---------- Material provided ----------

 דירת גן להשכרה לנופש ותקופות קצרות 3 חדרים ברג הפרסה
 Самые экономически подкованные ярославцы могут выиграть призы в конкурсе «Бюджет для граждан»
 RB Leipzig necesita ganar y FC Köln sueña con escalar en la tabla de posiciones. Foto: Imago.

----------
---------- Material provided ----------

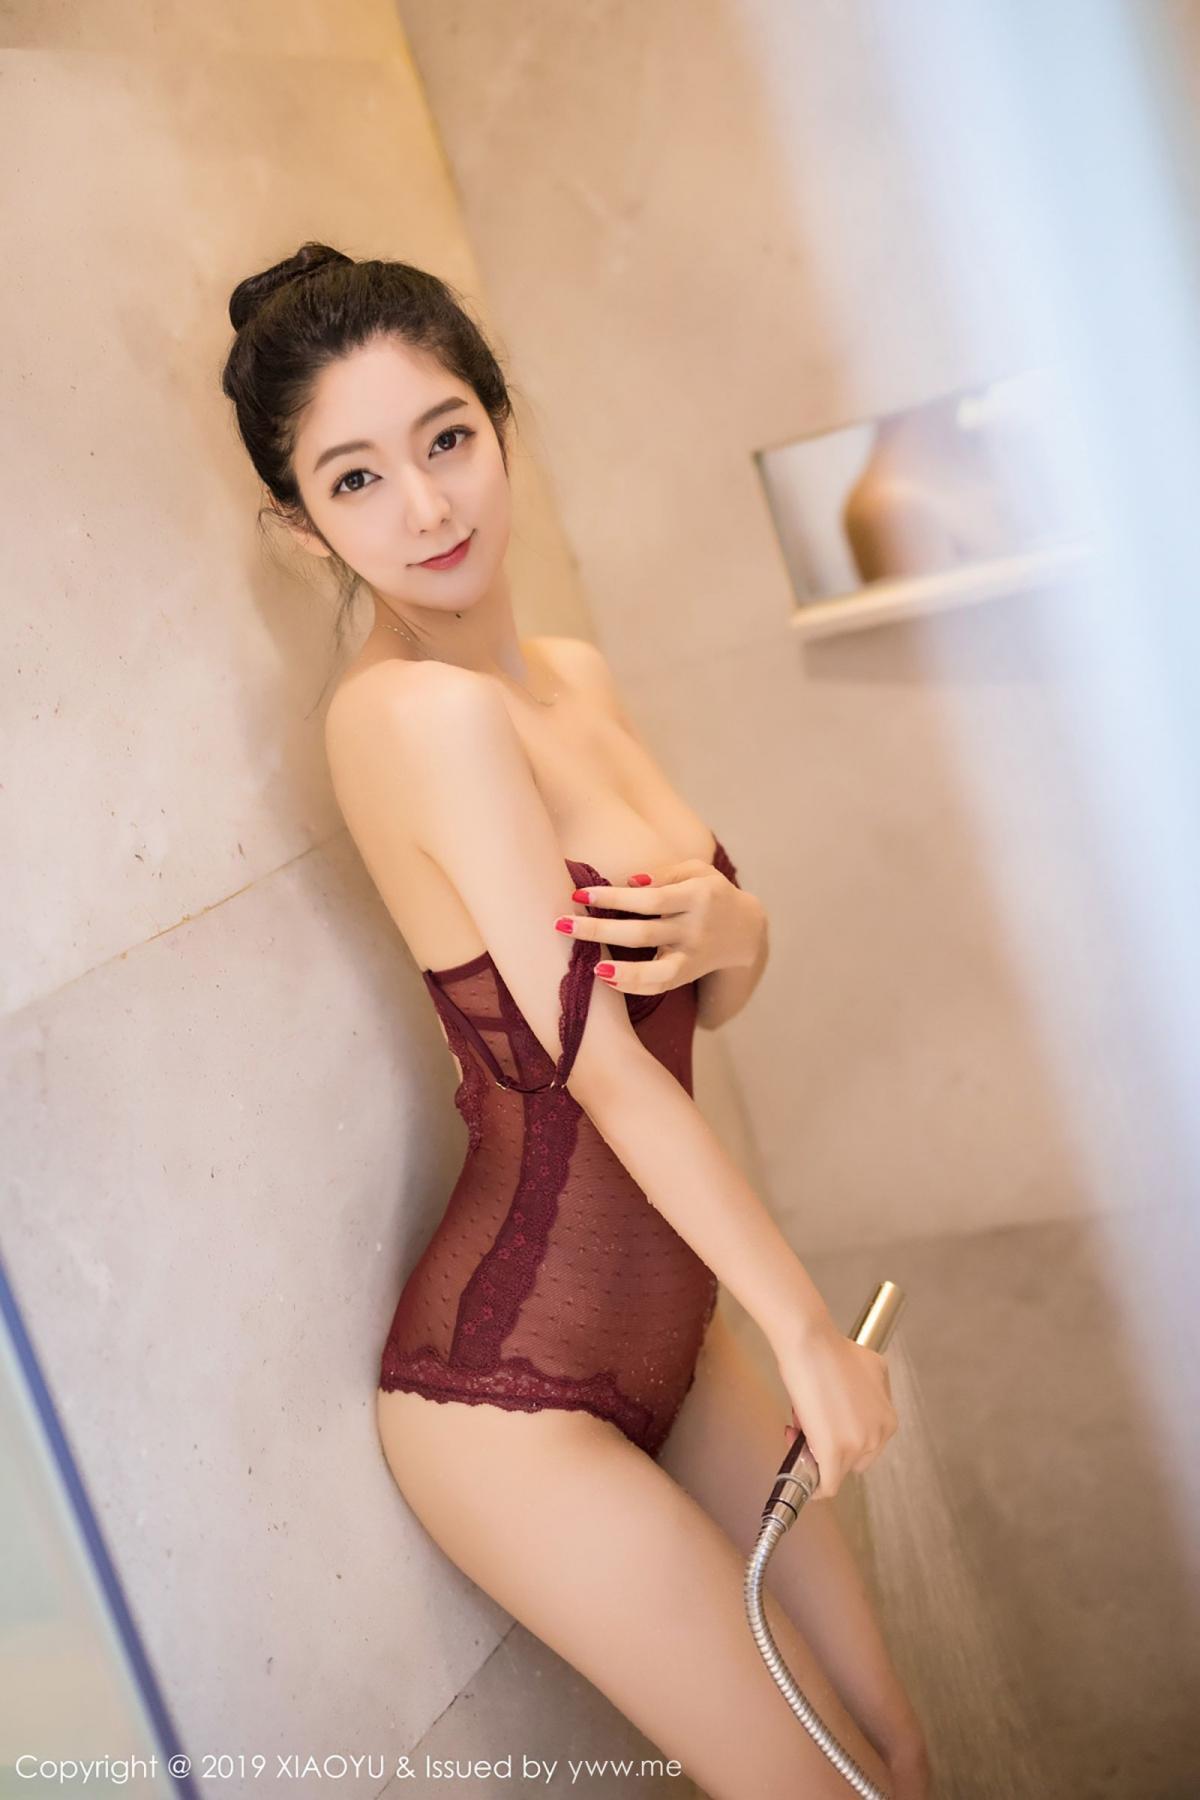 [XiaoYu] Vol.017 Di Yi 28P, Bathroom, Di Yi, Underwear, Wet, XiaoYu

----------

Give back, unchanged, the run of lines in the listing above that begins at the line containing "דירת גן להשכרה" and ends at the line containing "RB Leipzig necesita", both included.

 דירת גן להשכרה לנופש ותקופות קצרות 3 חדרים ברג הפרסה
 Самые экономически подкованные ярославцы могут выиграть призы в конкурсе «Бюджет для граждан»
 RB Leipzig necesita ganar y FC Köln sueña con escalar en la tabla de posiciones. Foto: Imago.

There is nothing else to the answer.